As the Supreme Court observed in Hickman v. Taylor, 329 U.S. 495 (1947), the work-product doctrine is critical to a lawyer's ability to render professional services to his client:
"it is essential that a lawyer work with a certain degree of privacy, free from unnecessary intrusion by opposing parties and their counsel. Proper preparation It of a client's case demands that he assemble information, sift what he considers to be the relevant go from the irrelevant facts, prepare his legal theories and plan his strategy without undue and needless interference.... This work is reflected of course, be in interviews, statements, memoranda, correspondence, briefs, mental impressions, personal beliefs, and countless other tangible and intangible ways...."
"Were such materials open to opposing counsel on mere demand, much of what is now put down in writing would remain unwritten. An attorney's thoughts, heretofore inviolate, would not be his own. Inefficiency, unfairness and sharp practices would inevitably develop in the giving of legal advice and in the preparation of cases for trial. The effect on the legal profession would be demoralizing. And the interests of the clients and the cause of justice would be poorly served." Id. at 510-11.

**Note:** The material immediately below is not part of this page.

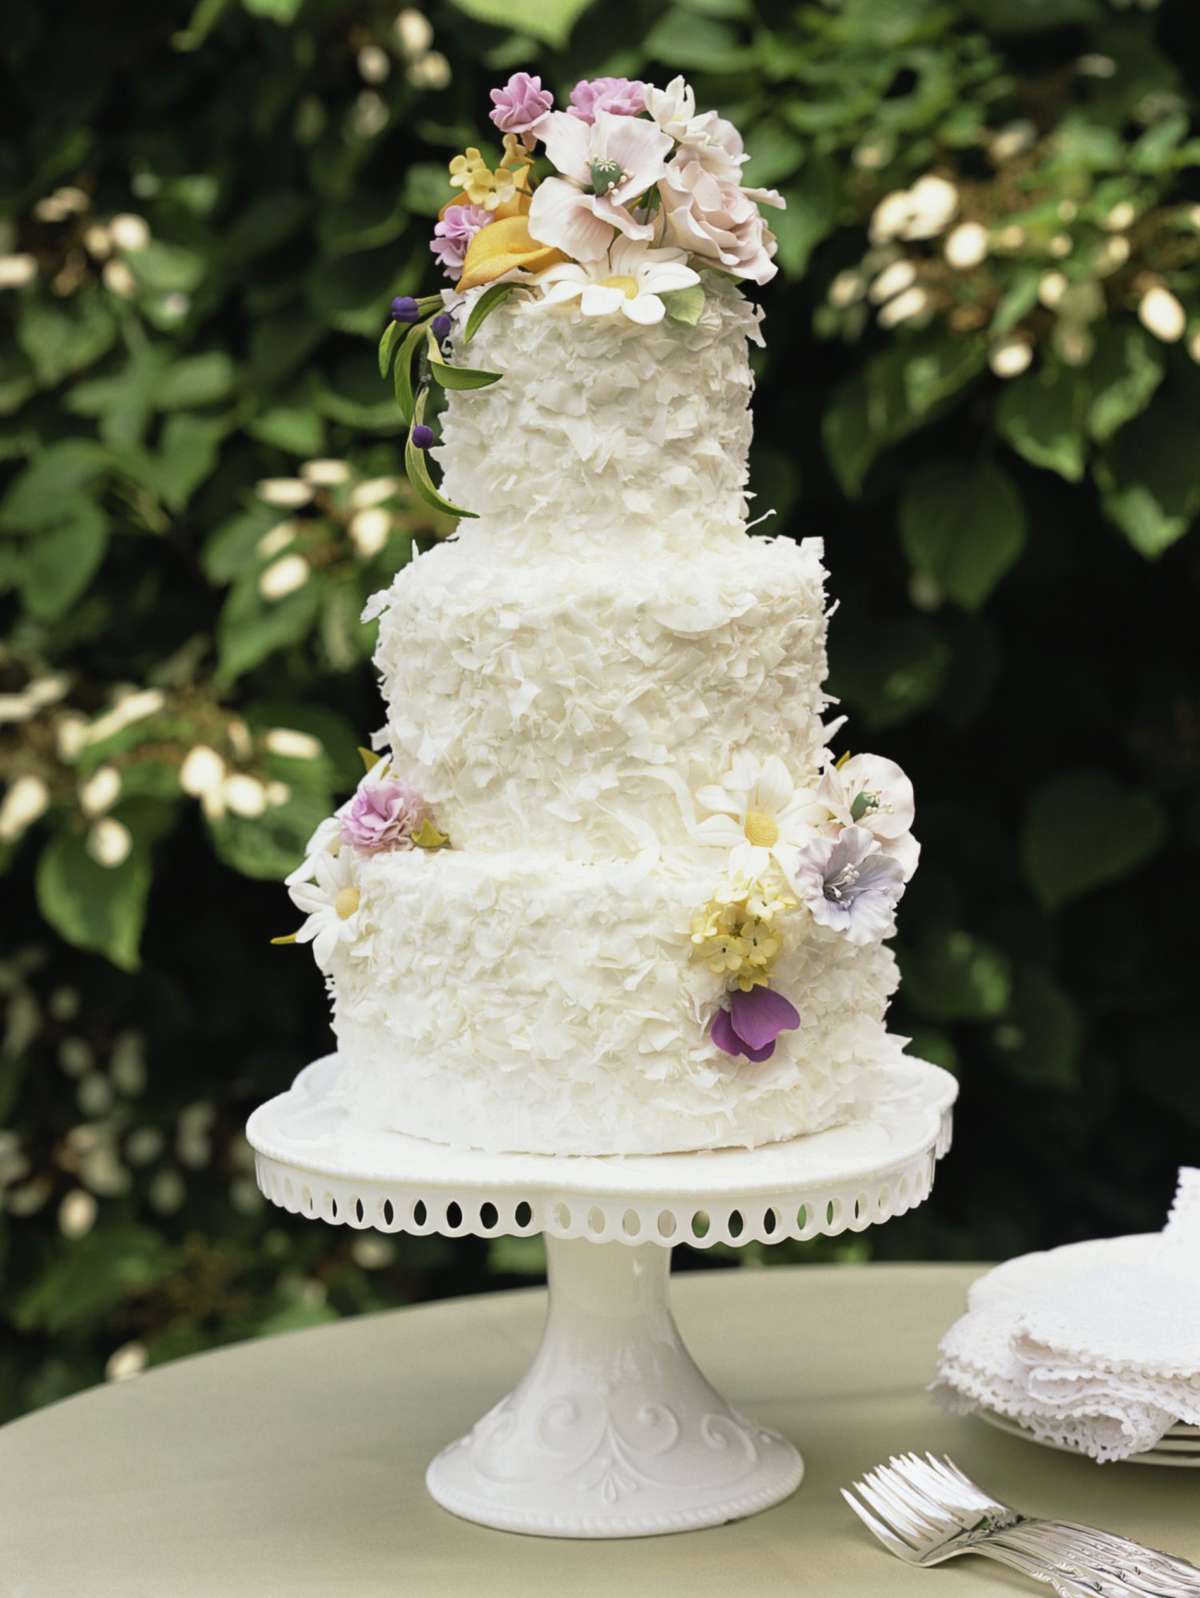 Wedding Cakes Glossary Of Terms Definition Of Wedding Cake Terms Instyle,Modern Kitchen Designs For Small Kitchens

Although "factual" work-product may be discoverable upon a showing of substantial need for the information sought, the protection afforded to "opinion" work-product -- which reflects counsel's subjective beliefs, impressions, and strategies regarding a case -- is nearly absolute. As the D.C. Circuit explained in In re Sealed Case, 676 F.2d 793, 809-10 (D.C. Cir. 1982), "to the extent that work product reveals the opinions, judgments, and thought processes of counsel, it receives some higher level of protection, and a party seeking discovery must show extraordinary justification." Accord Upjohn, 449 U.S. at 401 (opinion work product "cannot be disclosed simply on a showing of substantial need and inability to obtain the equivalent without undue hardship").